Изредка хозяева ходили в гости, и Галька полюбила смотреть, как одевается, собираясь уходить, хозяйка. Как облегает нежное, белое тело шёлково-кружевная комбинация, как стройнеют ноги в тонких чулках, обутые в туфли на высоких каблуках, как волнуется при ходьбе платье. Как легко, но чувствительно бьёт в нос чудесный запах духов «Красная Москва». Они вместе с Ирочкой (так звали девочку) выбегали на балкон проводить эту пару. Ну, а в их отсутствие дурачились, устраивая представления: Галька обряжалась в огромную хозяйскую пижаму, изображая бабу-Ягу, а Ирочка гонялась за ней с веником – выметать нечистую силу. Хохочущие падали они на диван и лежали, прижавшись друг к дружке, тяжело дыша. Обнимая девочку, Галька почему-то представляла, что это и есть её умершая сестричка. А Ирочка точно чуяла Галькину смешанную с нежностью грусть, прижималась ещё крепче и засыпала. Галька относила спящего ребёнка в постель, осторожно раздевала и укрывала, шепча: «Спи, моя хорошая, спи, моя звёздочка!»
Гуляли они с Ирочкой в большом парке. Там всегда собирались няньки, молодые деревенские девушки в чёрных плюшевых жакетах, или попросту «плюшках», и скрипящих сапогах. Они судачили о том, о сём, сплетничали о своих хозяевах, щёлкали семечки и отвечали на заигрывания бывших в увольнительной солдат. Там Галька и нашла себе подружек – Нюрку, прокурорскую домработницу, и Дунечку, ширококостную девушку со спокойным лицом. Нюрка со своей матерщиной, с тем, как она скалила зубы с первым задевшим её мужчиной, не очень нравилась Гальке, но с ней было весело, и даже похожие на плевки, противные слова слетали с её губ со смешными прибаутками. А с Дунечкой она любила поговорить о деревне, о том, как там жилось и как живётся тем, кто остался. Разговоры были печальными, но со сладостным оттенком собственной ограждённости. После них Гальке хотелось тужить по живущей далеко матери, по погибшему отцу и мёртвой сестре, но на людях как-то неудобно было, и в следующее мгновение она сначала через силу, а вскоре уж и вовсе искренне смеялась Нюркиным россказням...
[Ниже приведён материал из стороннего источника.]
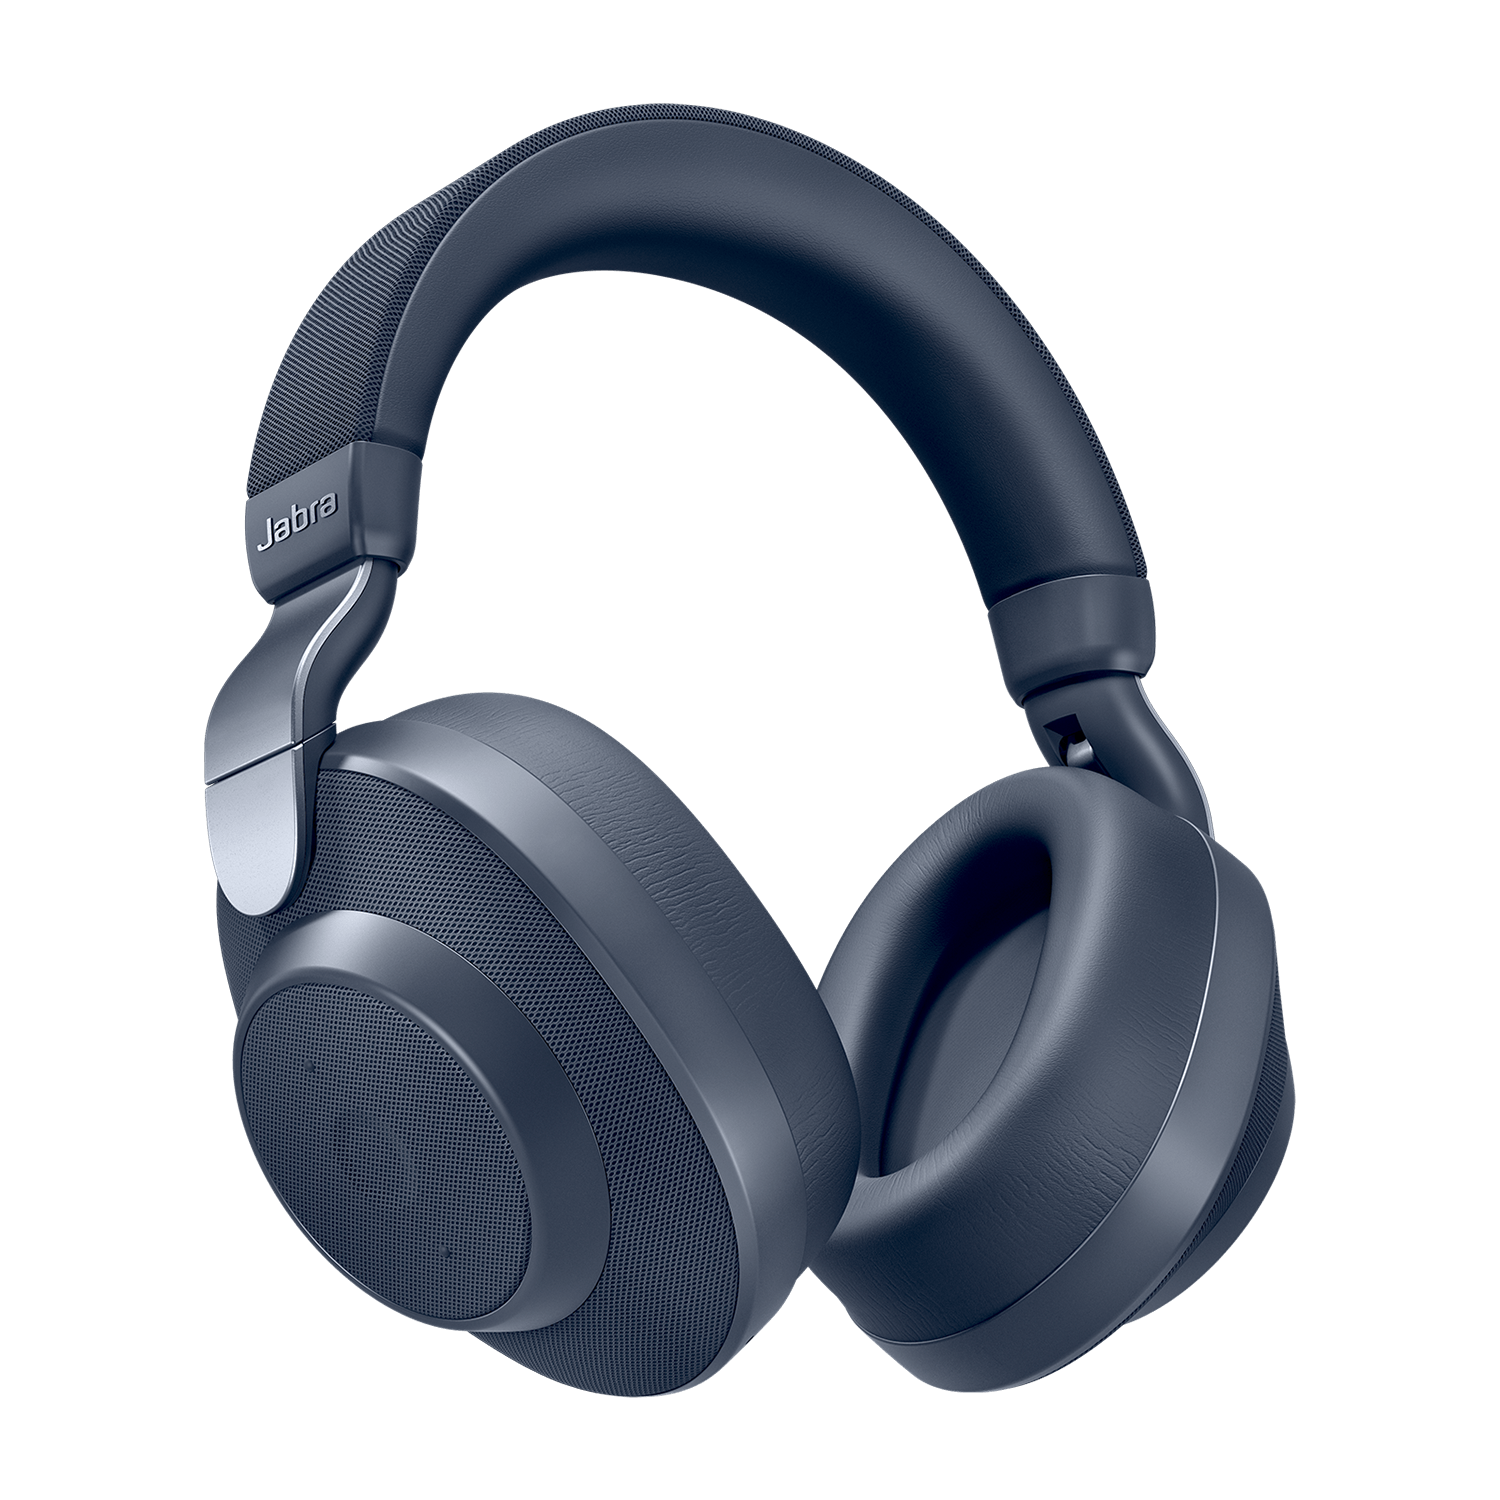 Uitsluiting Rode datum kaas Wireless noise cancelling headphones with SmartSound | Jabra Elite 85h
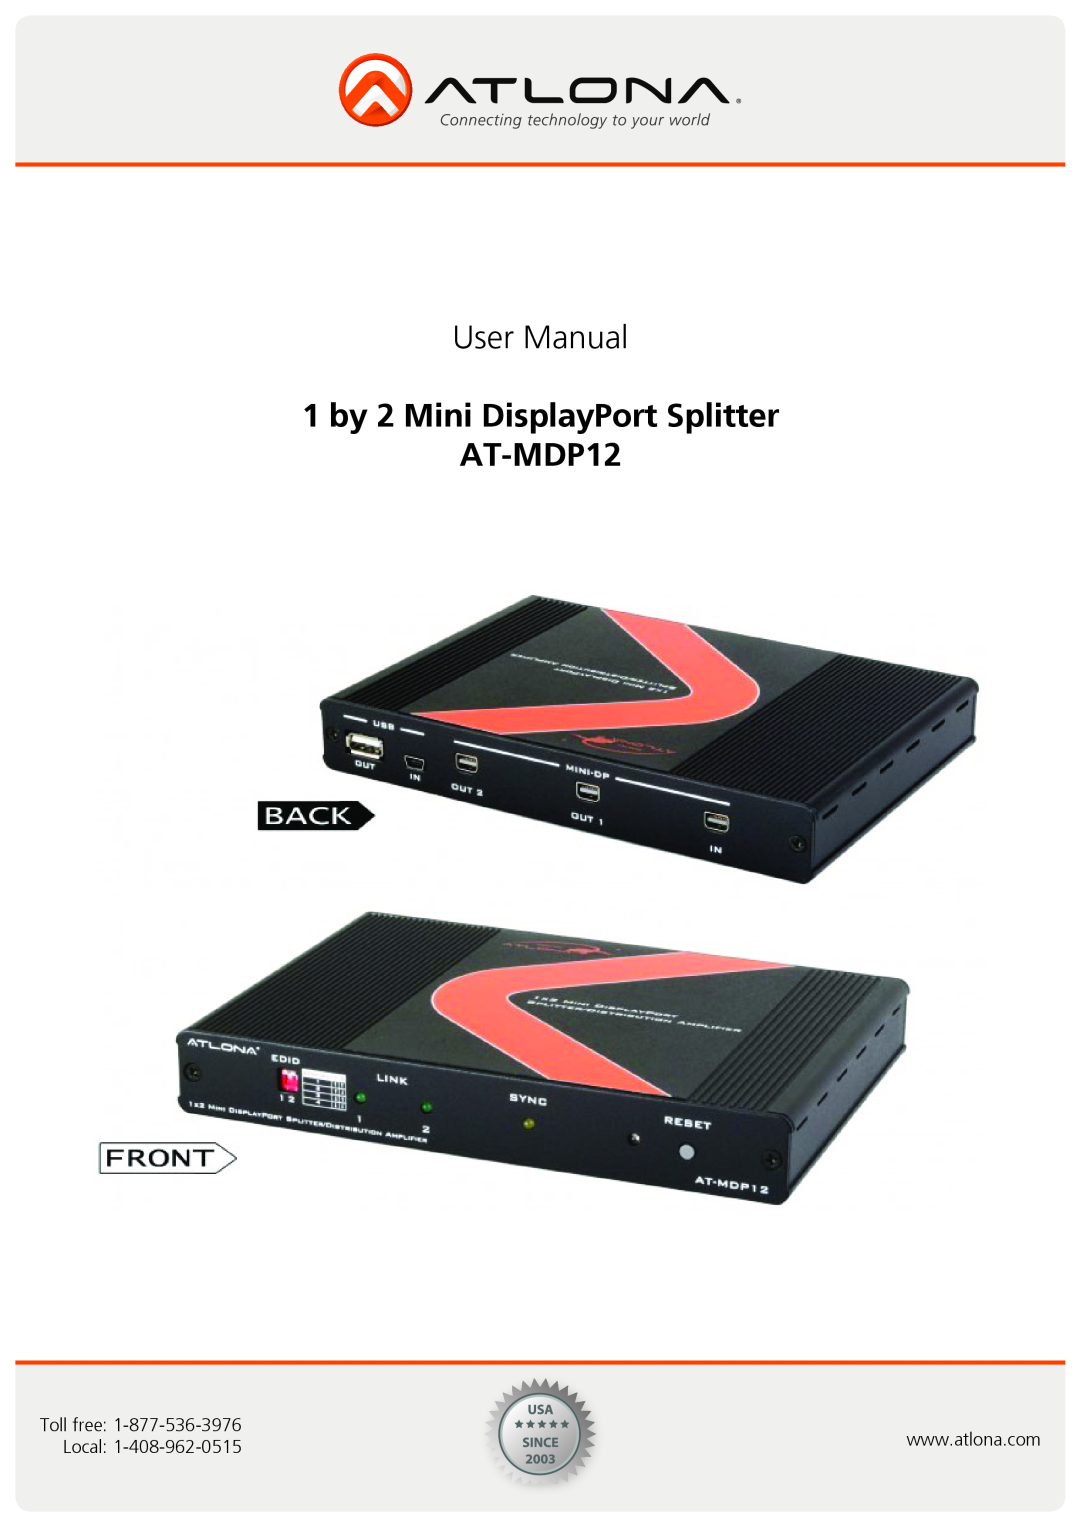 Atlona user manual 1 by 2 Mini DisplayPort Splitter AT-MDP12

Разве что перед сном, расчёсывая Ирочкины волосы, ощущая еле уловимый аромат, идущий от детского тельца, она уже не сдерживала слёзы, но плакала тихо, осеняя себя крёстным знамением, уж и не зная о ком или о чём.

В парке же она встретила и его, своего Гришку. Ей он показался красавцем - черноволосый, чернобровый, с блестящими пречёрными глазами. Впервые увидала она его зимой, когда он шёл по аллее, среди сугробов и обременённых снегом ветвей – весь он какой-то летний, с несходящим загаром, с белозубой улыбкой полногубого рта. Он в этом пасмурном зимнем дне был необыкновенным, будто занесённым сюда южным ветром из своей далёкой, словно и не существующей, солнечной страны. Галька смотрела, как он приближается, ладный в своей солдатской форме, когда услыхала, как Нюрка сказала кому-то: «Да это ж Гришка-грузин!»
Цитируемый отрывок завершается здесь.